YERMA, ¡ay!

Alberto Morate

Yerma. ¡Ay, Yerma! Lorca. Mi Lorca. Federico. Tragedia de drama rural. Tragedia de dramaturgo. Tragedia de quien quiere tener vida y encuentra la muerte. Encuentra la sequedad de su cuerpo. Encuentra que los campos y los olivos florecen y dan fruto y ella se queda seca. Tragedia que no pasa de tiempo, aunque podamos pensar que el tema está obsoleto. Nada más lejos. ¡Ay!

Se puede decir, “ya nadie suspira por no poder tener hijos propios”, pero no es así. Las clínicas de fertilidad están cada vez más llenas de mujeres que buscan desesperadamente engendrar sus propios vástagos. Pero Lorca no se queda ahí.

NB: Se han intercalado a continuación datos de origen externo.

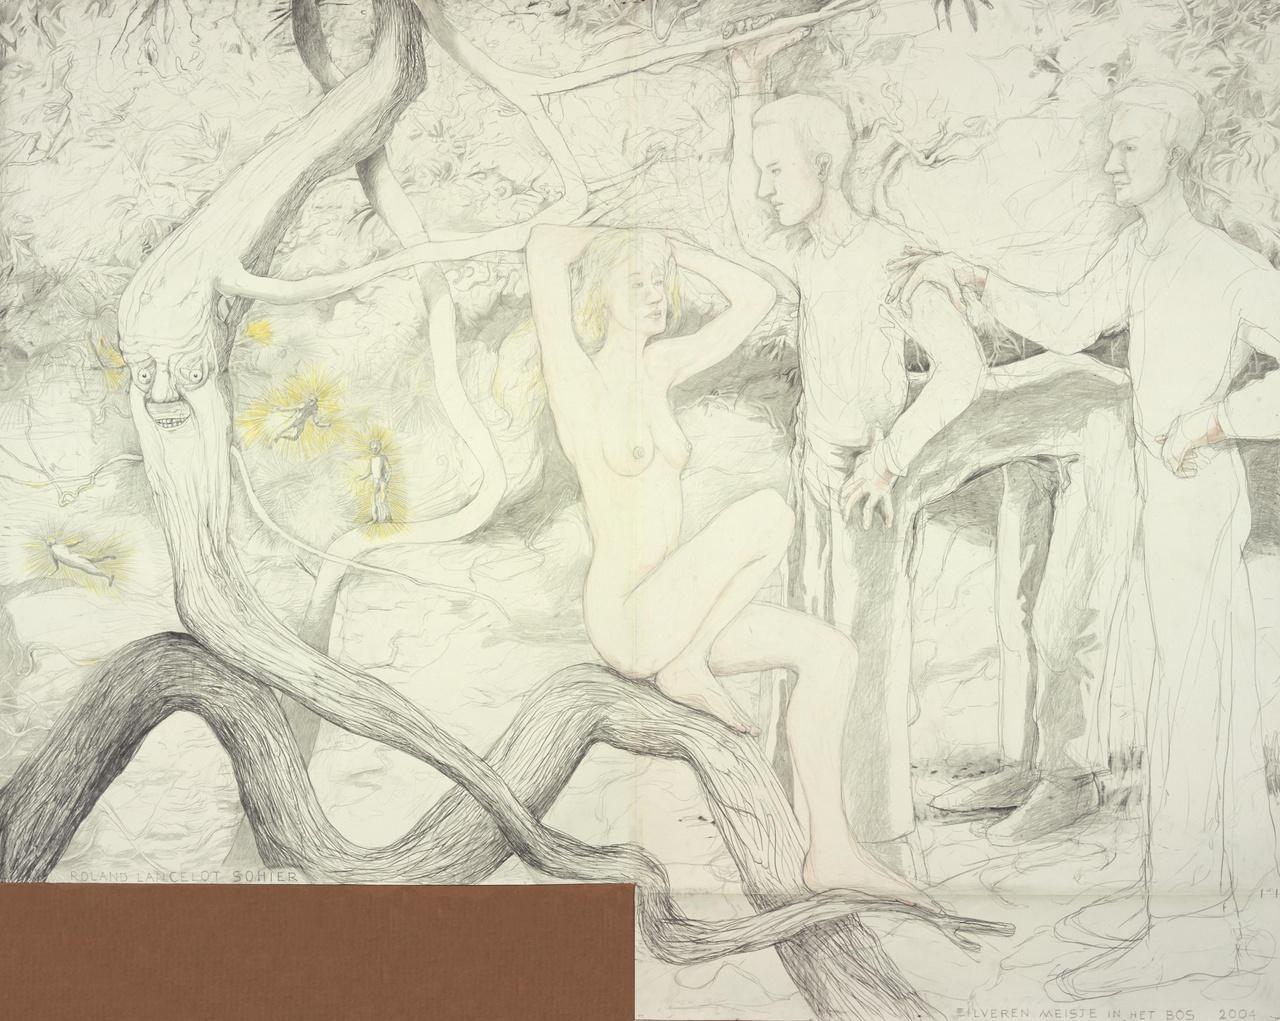 Zilveren meisje in het bos

Yerma es la paradoja de quien busca la libertad entregándose por completo. Crear. Aunque se sufra, ¡ay!, y los pechos se agrieten por dar de mamar. Pero de esa forma ella misma se alimenta. Lo necesita. Y si no lo tiene, se irá empobreciendo. Y más.

Yerma es la ilusión por conseguir algo y no traicionar a los propios principios. ¡Ay! El honor, aunque se sienta deseo. ¡Ay! Yerma es la incomunicación con quien tenemos que compartir casa, comida y lecho. Yerma es la soledad de quien no se siente comprendido. Yerma es la desesperación por rellenar un hueco. Yerma es ser criticado por no saber dar lo que se supone que la sociedad pide por derecho.  Yerma es todo eso.

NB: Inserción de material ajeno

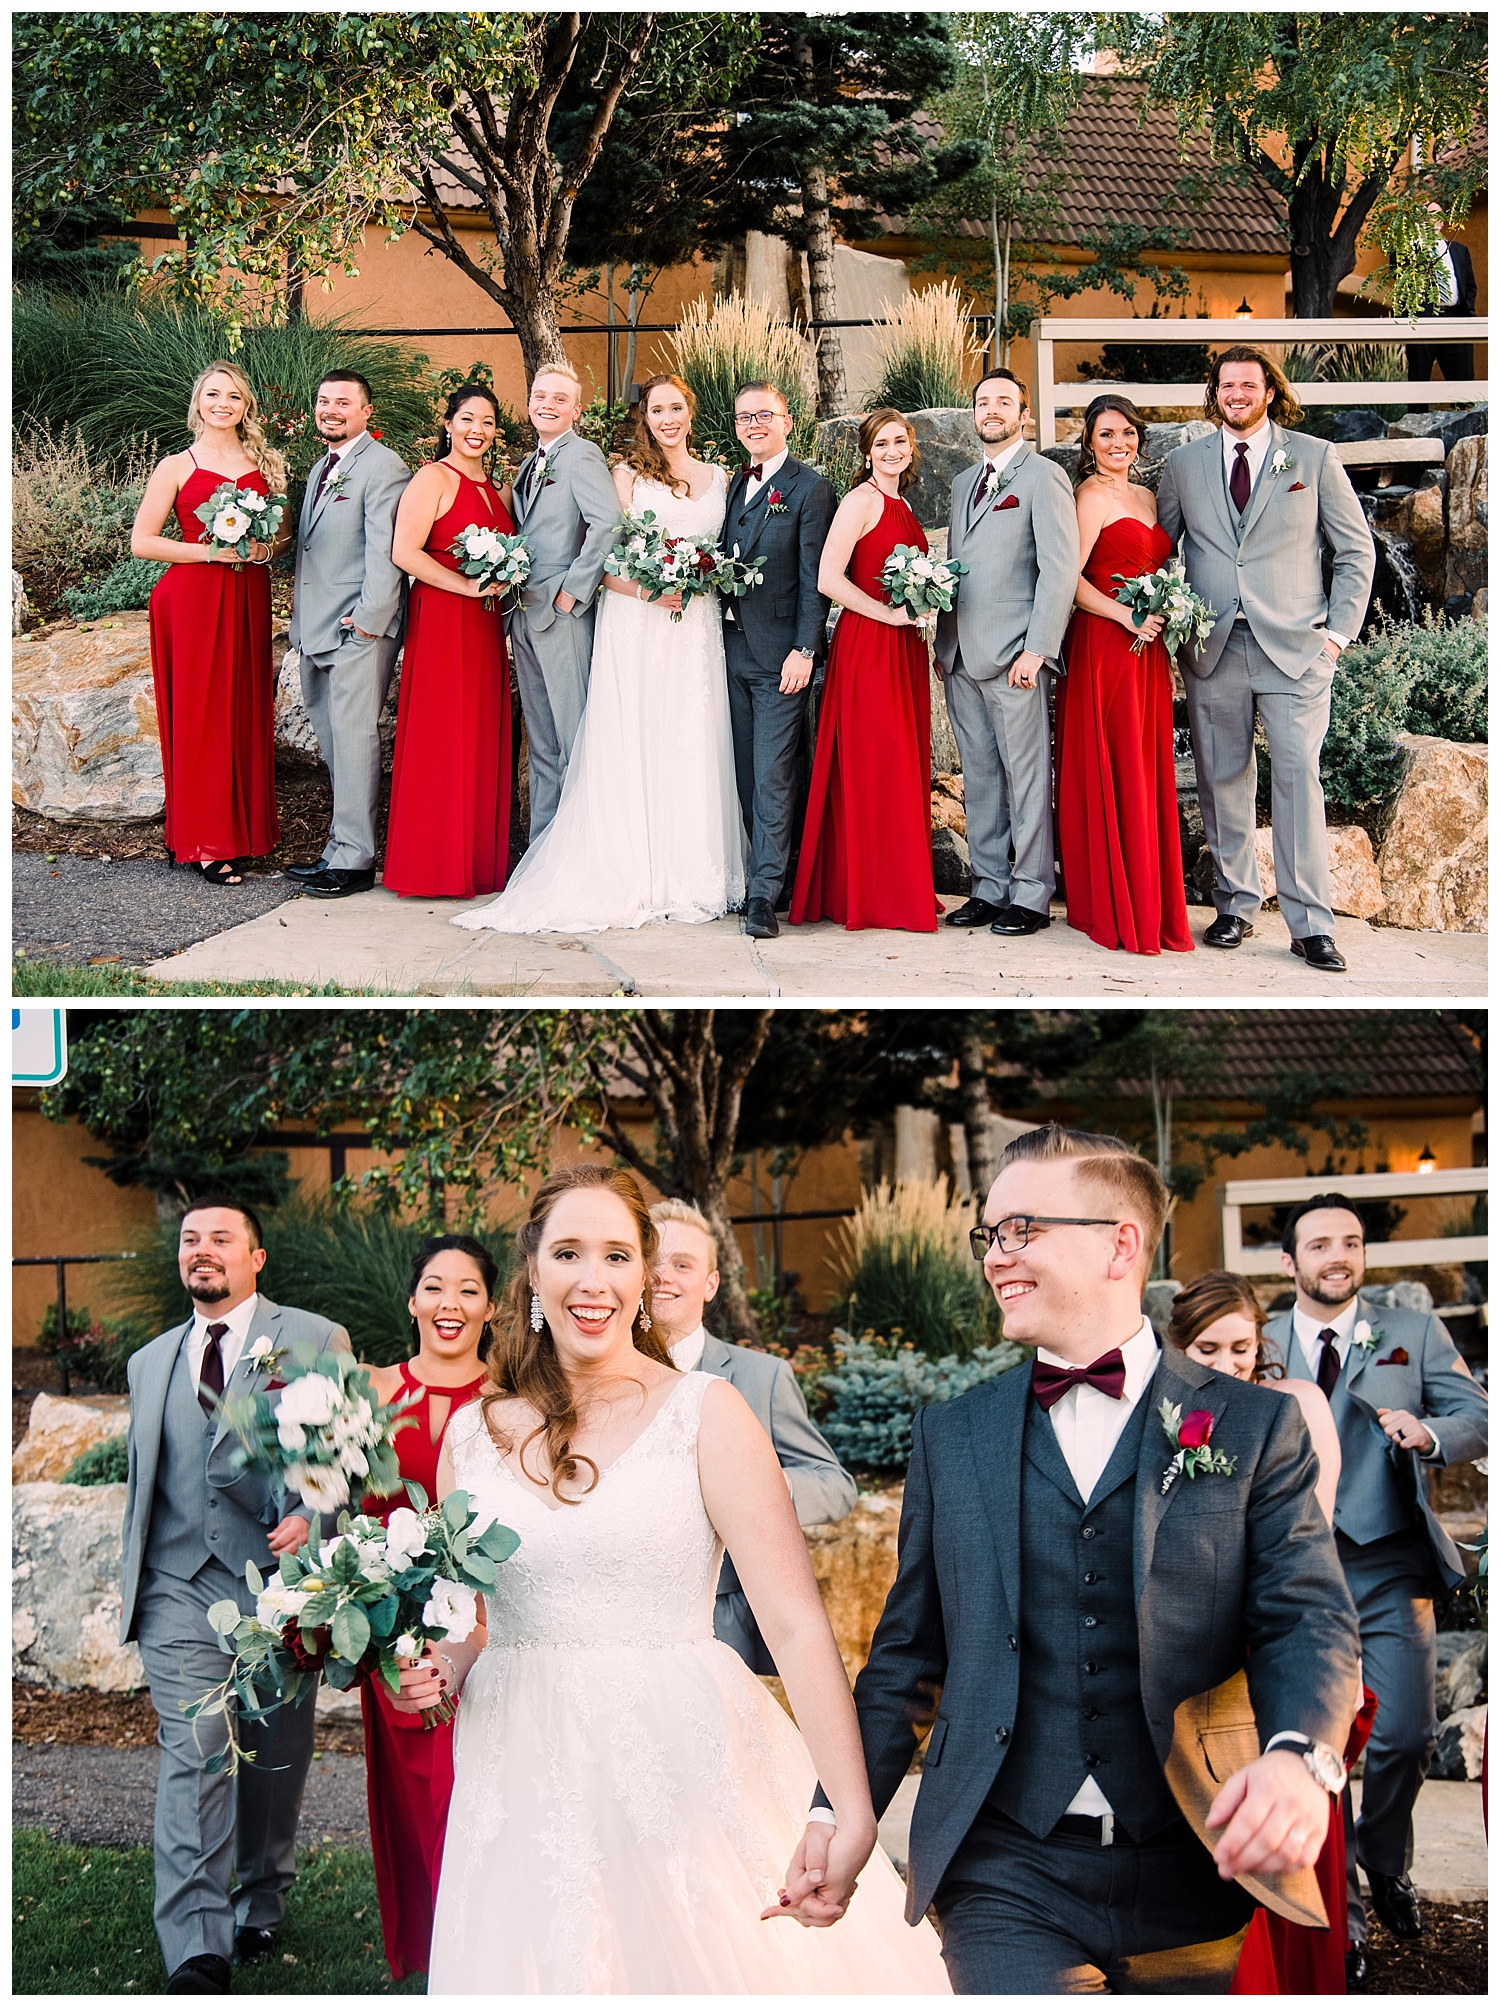 Danish_Wedding_Traditions_Denver_Colorado_Photographer_Wedgewood_Brittany_Hill_Apollo_Fields_022.jpg

Por eso se puede volver a representar este texto sin miedo. Porque es actual, porque posee poesía en su interior, y amor, y drama, y tradición y fuego escénico.

A través de Iria Márquez, la compañía Apuro Teatro, surgida de la Universidad de Alcalá y la sala Margarita Xirgú, nos traen una nueva lectura de este maravilloso texto. Intentando respetar y recrear el espíritu de Lorca. Pero Lorca puede comprenderlo. Era hombre de teatro y estará satisfecho. Es cierto que yo hubiera pedido que dijeran ciertos versos, diálogos, emociones, de otra forma. Pero cada uno lo ve desde su propio criterio. ¡Ay!

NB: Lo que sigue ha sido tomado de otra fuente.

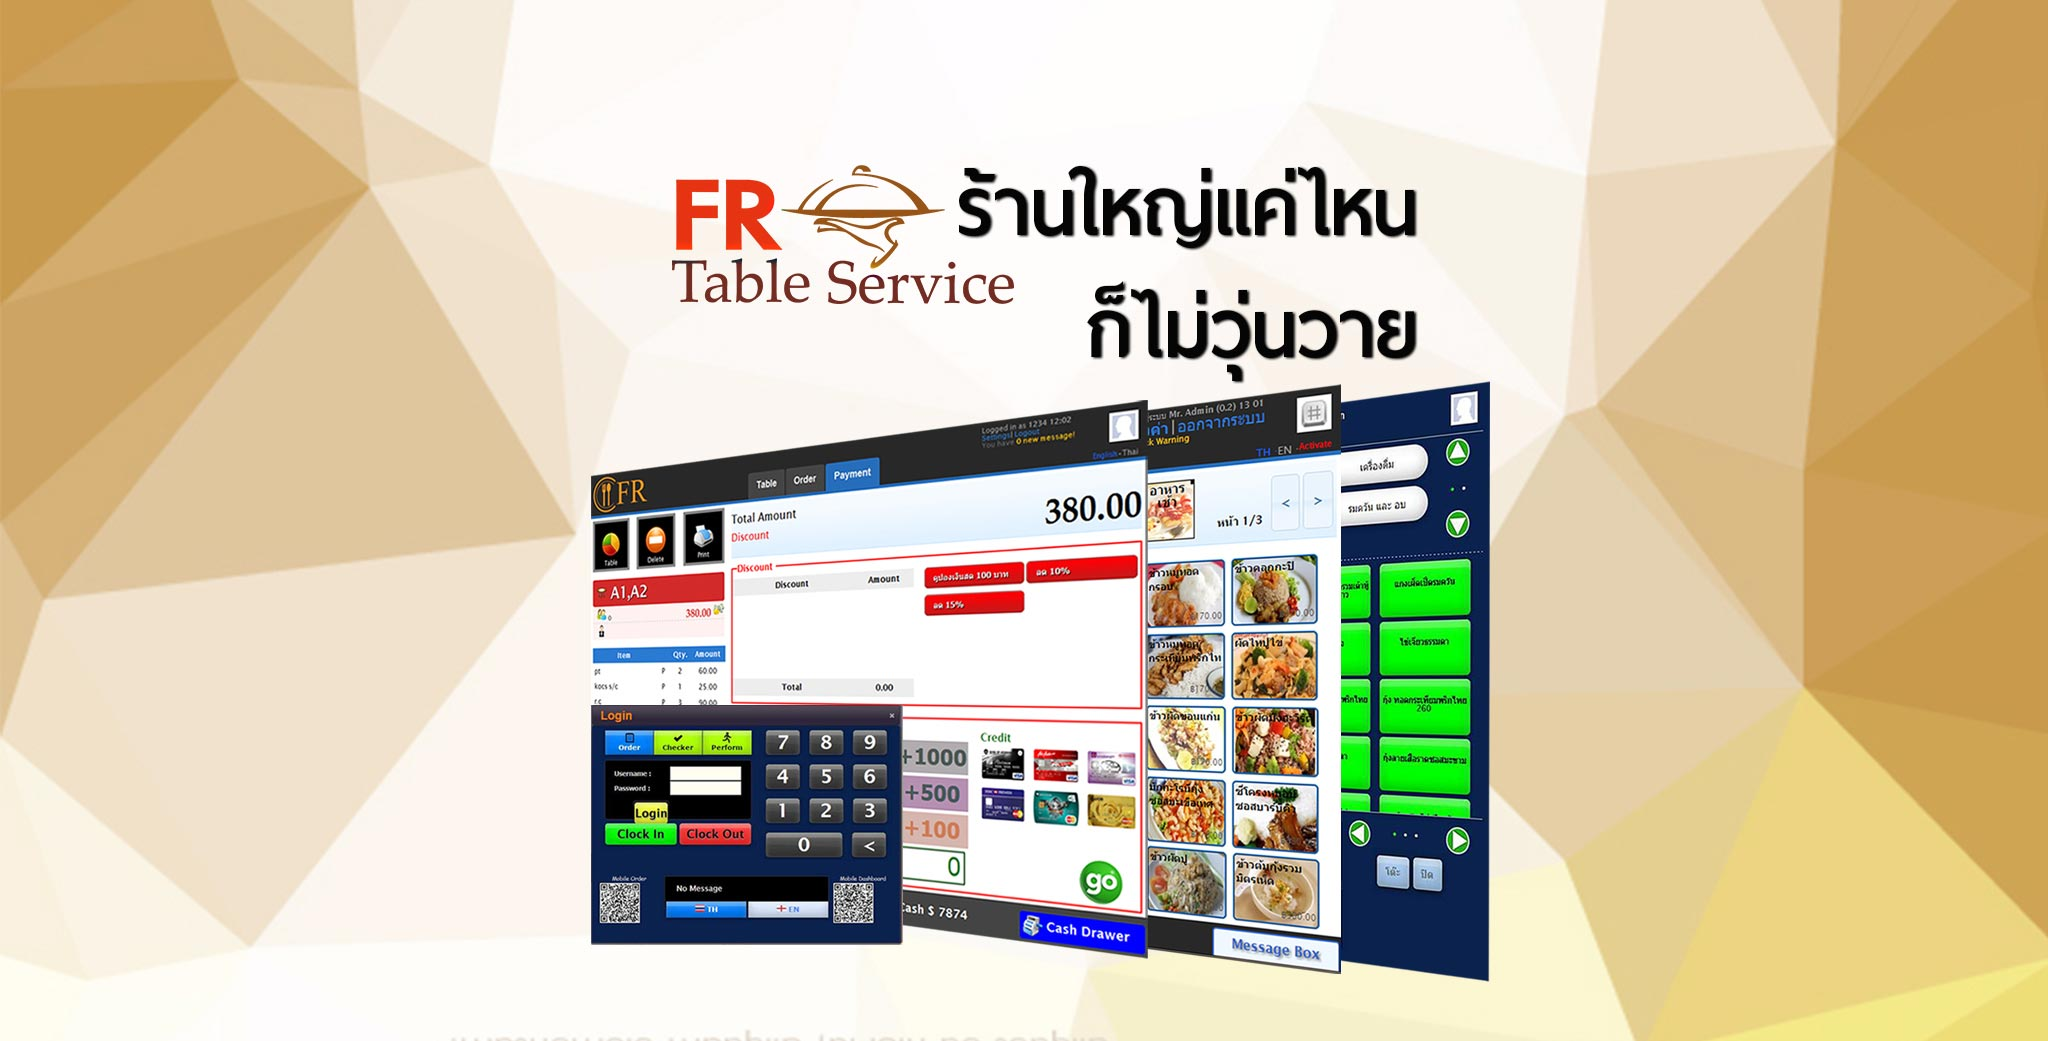 FR TABLE SERVICE สำหรับร้านอาหารขนาดใหญ่

Aquí, en este montaje apreciamos la música, la danza, el medio rural, el drama interno de los personajes, siempre en escena, siempre en el pensamiento, siempre observando y criticando, siempre sufriendo. Posiblemente, cada uno lo vea con un distinto rasero.

Es un espectáculo digno. Bien trabajado y bien hecho. Lorca ciento por ciento. Aunque a mí me haya faltado la fuerza expresiva, ¡ay!, de sentir que se gesta dentro una criatura que va creciendo. Al contrario de lo que le ocurre a Yerma. Que se va pudriendo. El contraste de una vida que crece a otra que se está muriendo. Sentimiento.